(二)この世界ごと愛したい




お祭りということで、ハナちゃんが浴衣をと勧めてくれたのを珍しくやんわり断る私。


そんな私はここに来た時同様の服に袖を通し、髪を結い上げる。



自分の荷物を抱えて、勿論帯剣。




その姿で先にみんなが集まる朝餉の会場である広間に顔を出す。





「ちょっとリンちゃーん、祭りだからってそんな荷物抱えて行くのかー?」


「まるで帰って来ねえみたいじゃん!遊ぶの邪魔になるから置いてった方がいいって!」




隊士の皆さんが親切に忠告してくれる。





「約一ヶ月、お世話になりました。
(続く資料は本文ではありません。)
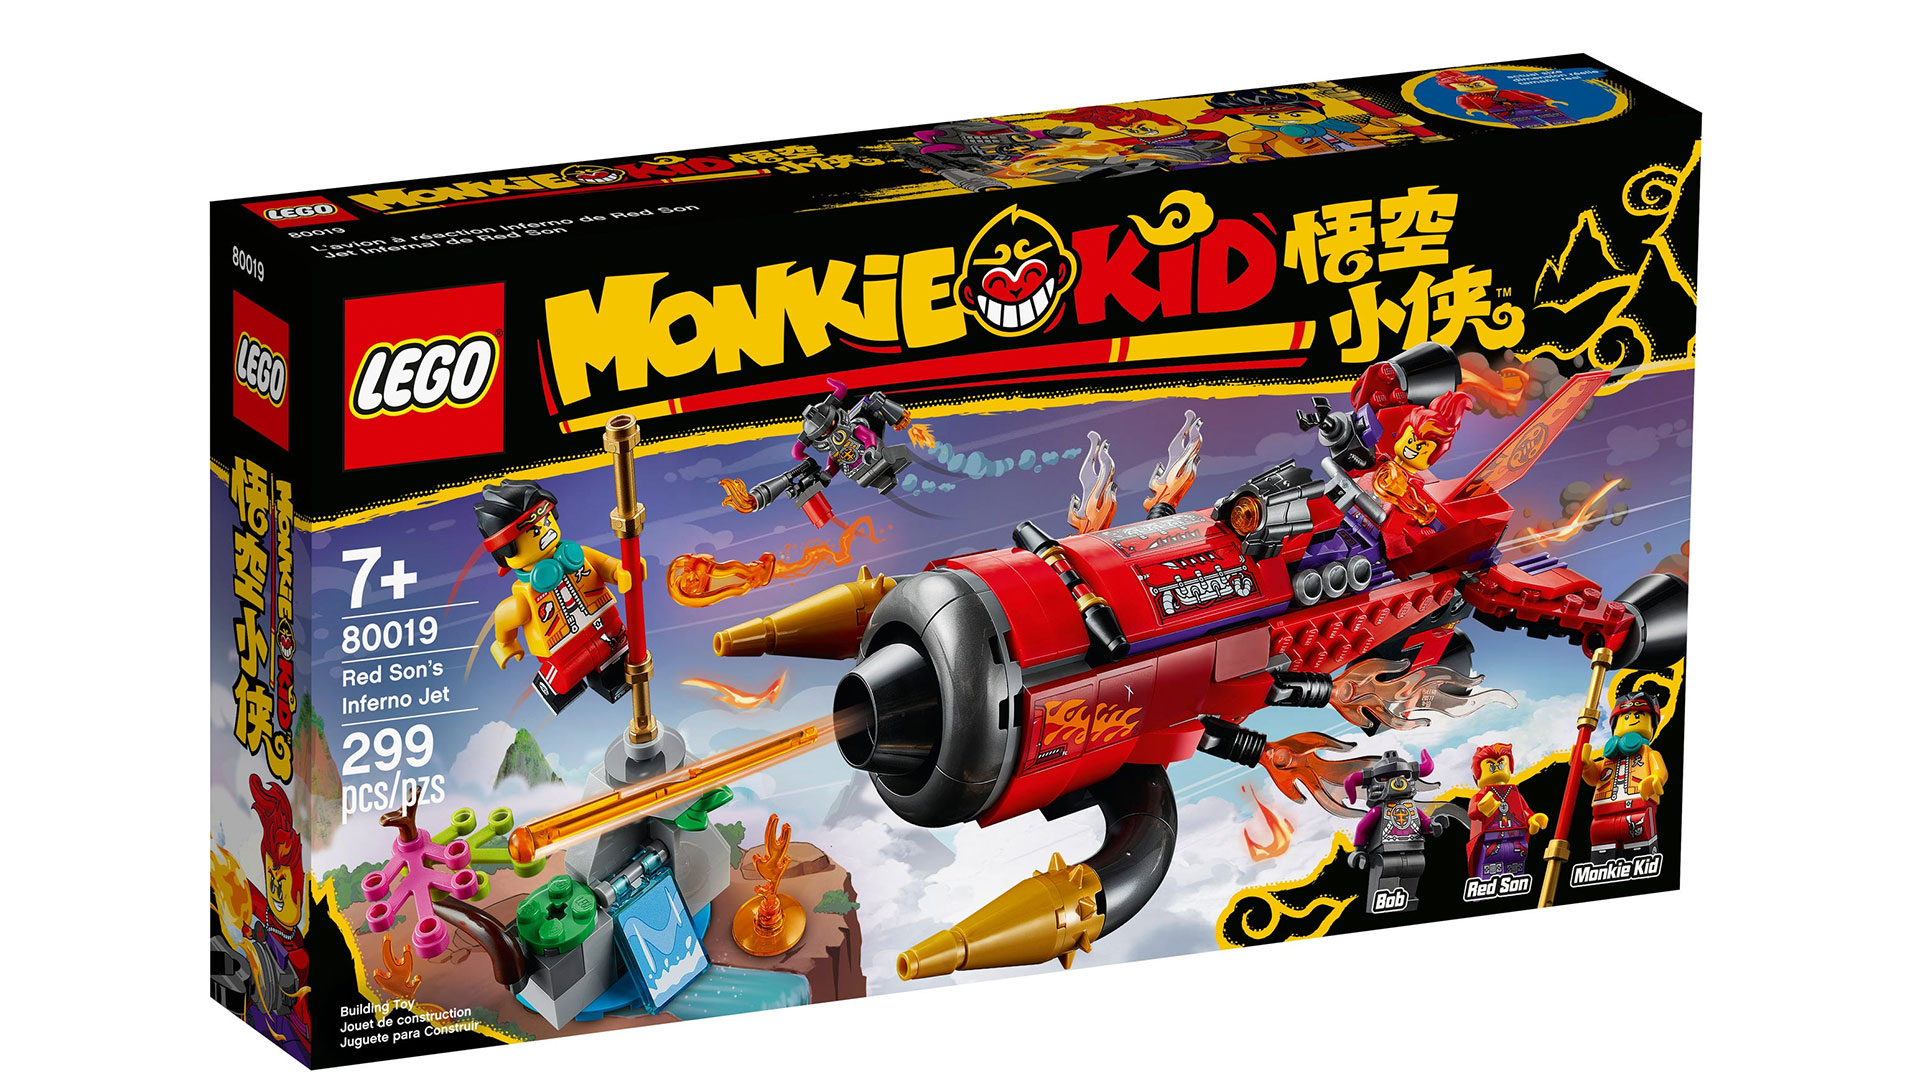 Spark children’s creativity with this action-packed LEGO® Monkie Kid™ toy playset (80019), featuring Red Son’s Inferno Jet, a Flower Fruit Mountain mini build and The Golden Staff. The jet features a minifigure cockpit and 2 spring-loaded shooters. A super gift idea for kids, this set also includes Monkie Kid, Red Son and Bob minifigures with weapons and accessory elements such as Red Son’s Power Glove and a LEGO toy jetpack to inspire fun, imaginative play.
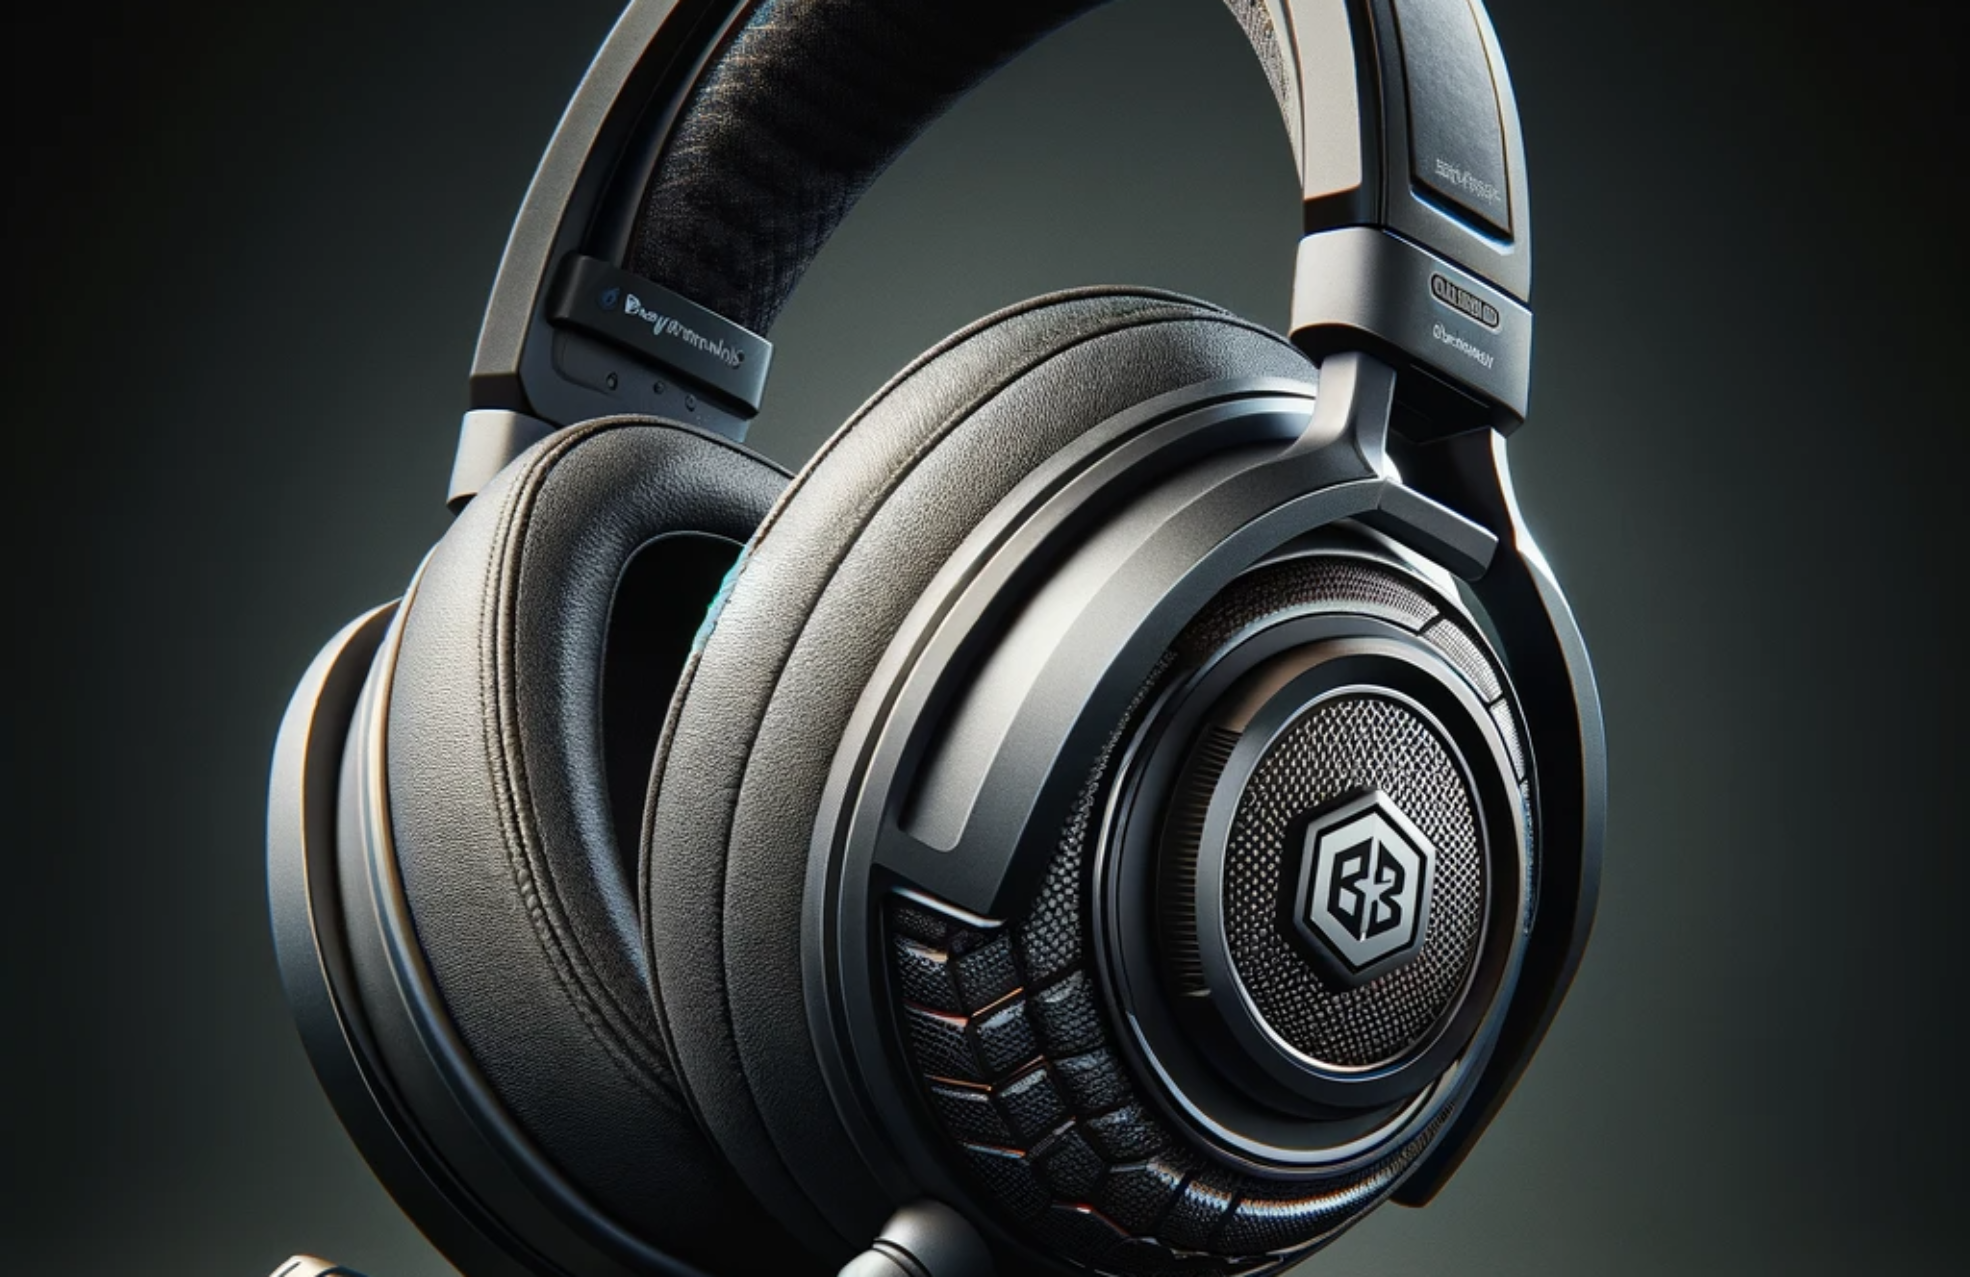 Hyper-realistic image of the Beyerdynamic DT 900 Pro X gaming headset, featuring its sleek, professional design with a focus on the high-quality texture of the materials, comfortable ear cups, and the iconic Beyerdynamic branding.

」



「「「…え?」」」




ぺこりと頭を下げた私を、不安気に見る隊士の皆さん。



アキトとトキには昨夜話しておいた。


お祭り会場の街から私はそのまま旅立つと。





「…この城は本当にアキトみたいで。毎日すっごく楽しかったよ。」



「リンちゃん嘘だろ!?」


「まだここに居りゃあいいじゃん!!」


「てかずっと居てくれよ!!!」




大の男たちが涙を流して寂しがっている。


ちょっと怖い光景だ。




「ずっとは居てあげられないけど、その内また来るね。」




肩を落とす素直な彼らを見ていると。


どうしてかほっとけない。ほっとけないせいで、私はここまで鍛え上げてしまった。





「…みんなでお祭り行く?」



「「「行くー!!!」」」




私の言葉に呼応し雄叫びを上げて、また素直に喜ぶ彼ら。


そんな様子を流石にトキとアキトが止める。